## What is expected:
In the entries that follow, find the line containing "header desktop logo"; from there, copy every line exactly through the line containing "Hoàng tử Oagen".

[Data — start]

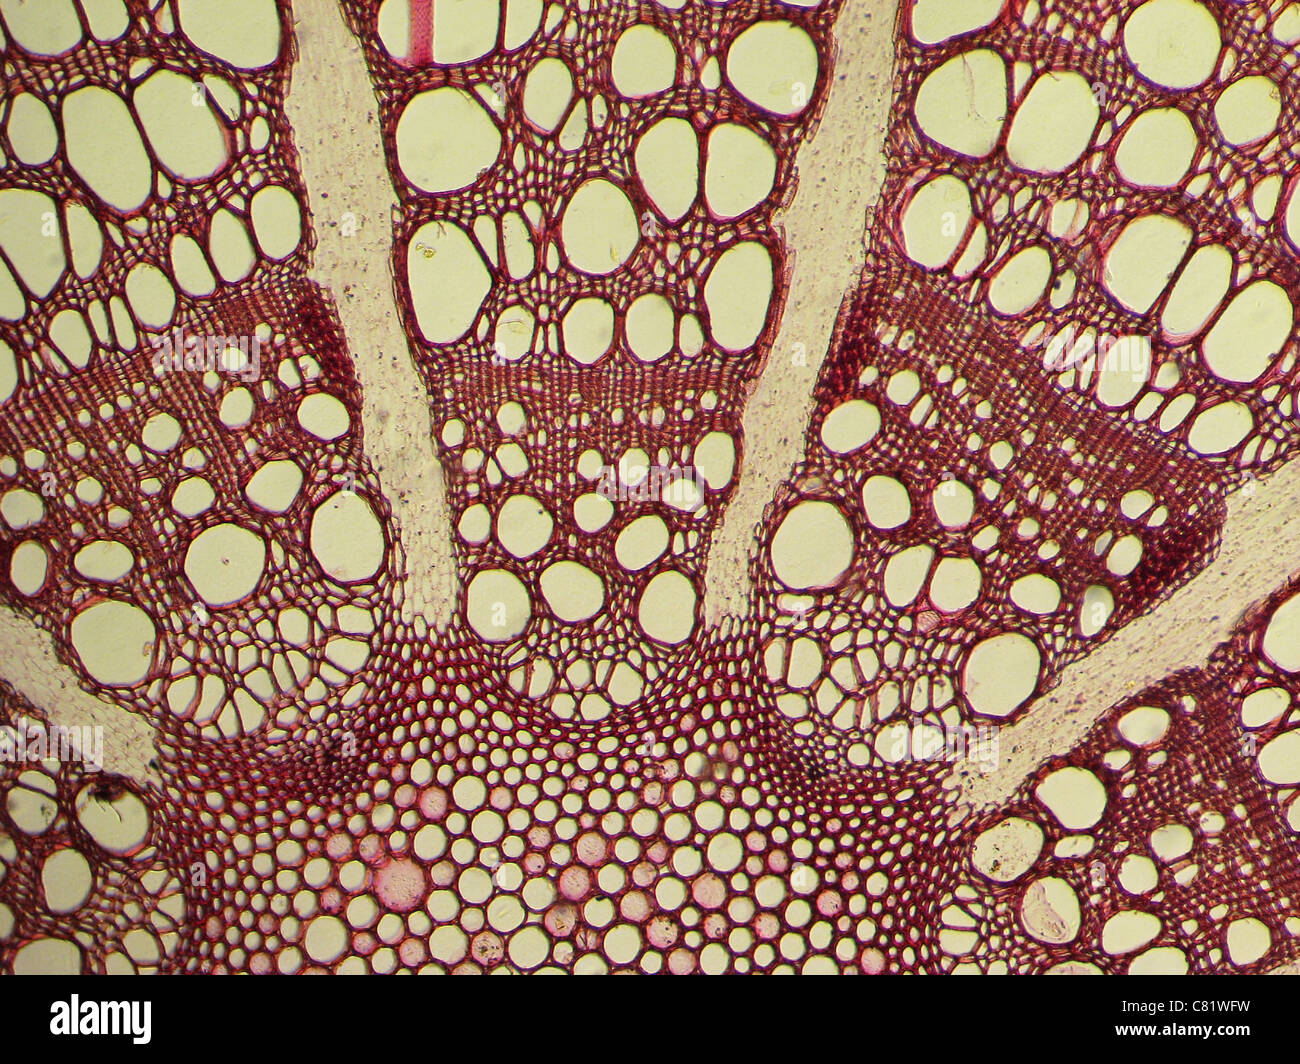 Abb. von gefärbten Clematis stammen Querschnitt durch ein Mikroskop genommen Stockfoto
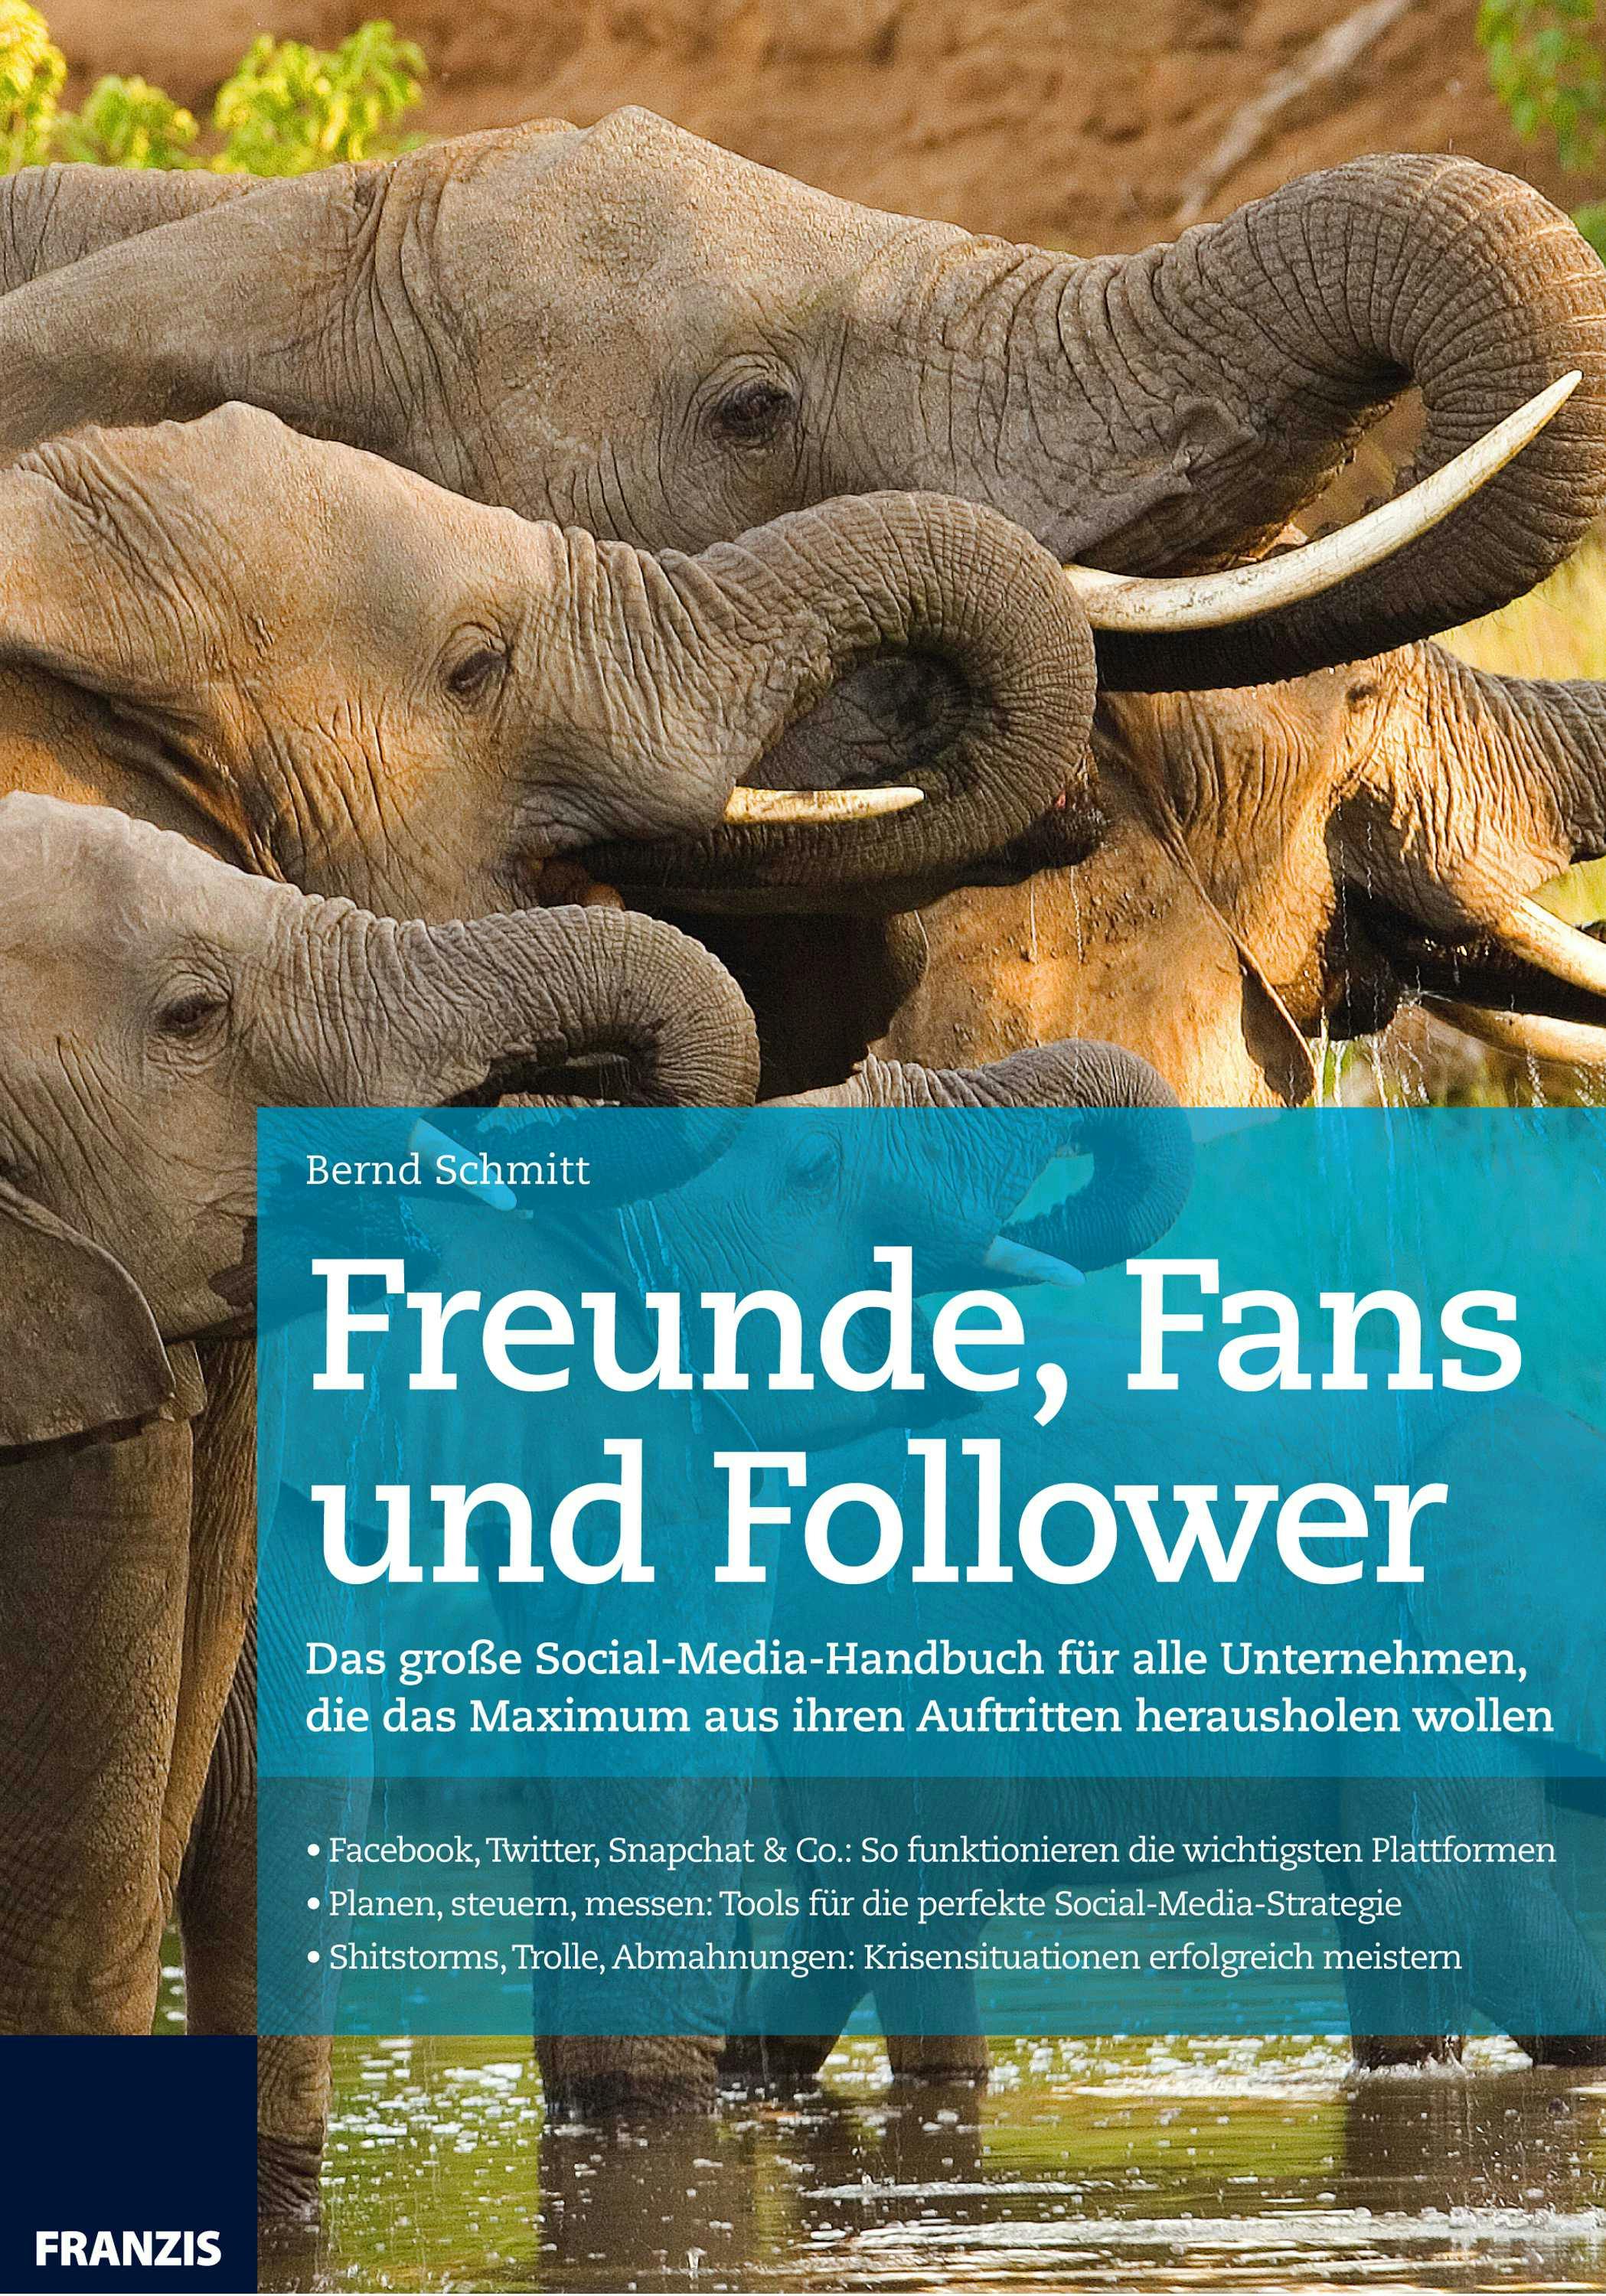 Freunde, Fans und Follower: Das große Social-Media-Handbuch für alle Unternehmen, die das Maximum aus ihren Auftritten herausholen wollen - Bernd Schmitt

[Data — finish]
[Data — start]

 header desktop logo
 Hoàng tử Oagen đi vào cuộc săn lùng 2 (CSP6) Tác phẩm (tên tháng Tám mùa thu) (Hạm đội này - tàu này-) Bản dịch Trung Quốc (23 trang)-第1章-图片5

[Data — finish]
[Data — start]

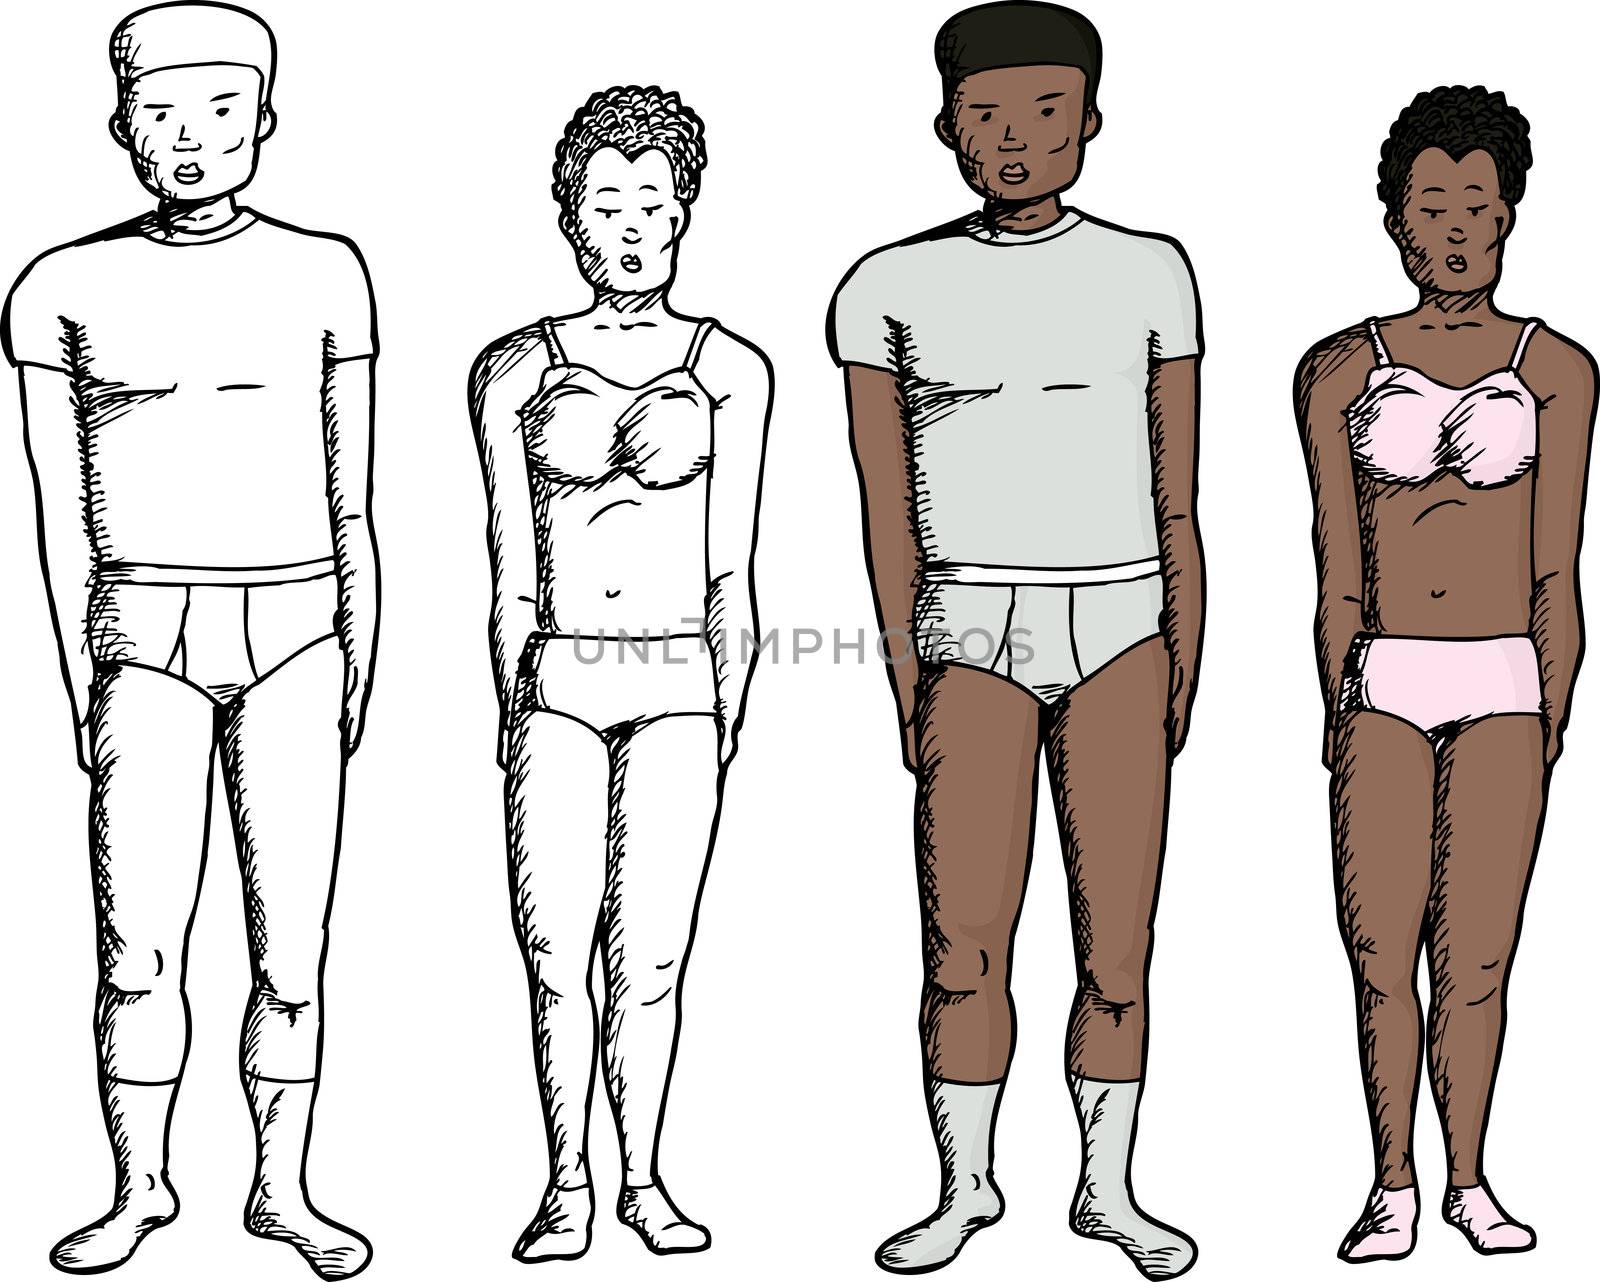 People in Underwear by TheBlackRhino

[Data — finish]

## Result for this task:
 header desktop logo
 Hoàng tử Oagen đi vào cuộc săn lùng 2 (CSP6) Tác phẩm (tên tháng Tám mùa thu) (Hạm đội này - tàu này-) Bản dịch Trung Quốc (23 trang)-第1章-图片5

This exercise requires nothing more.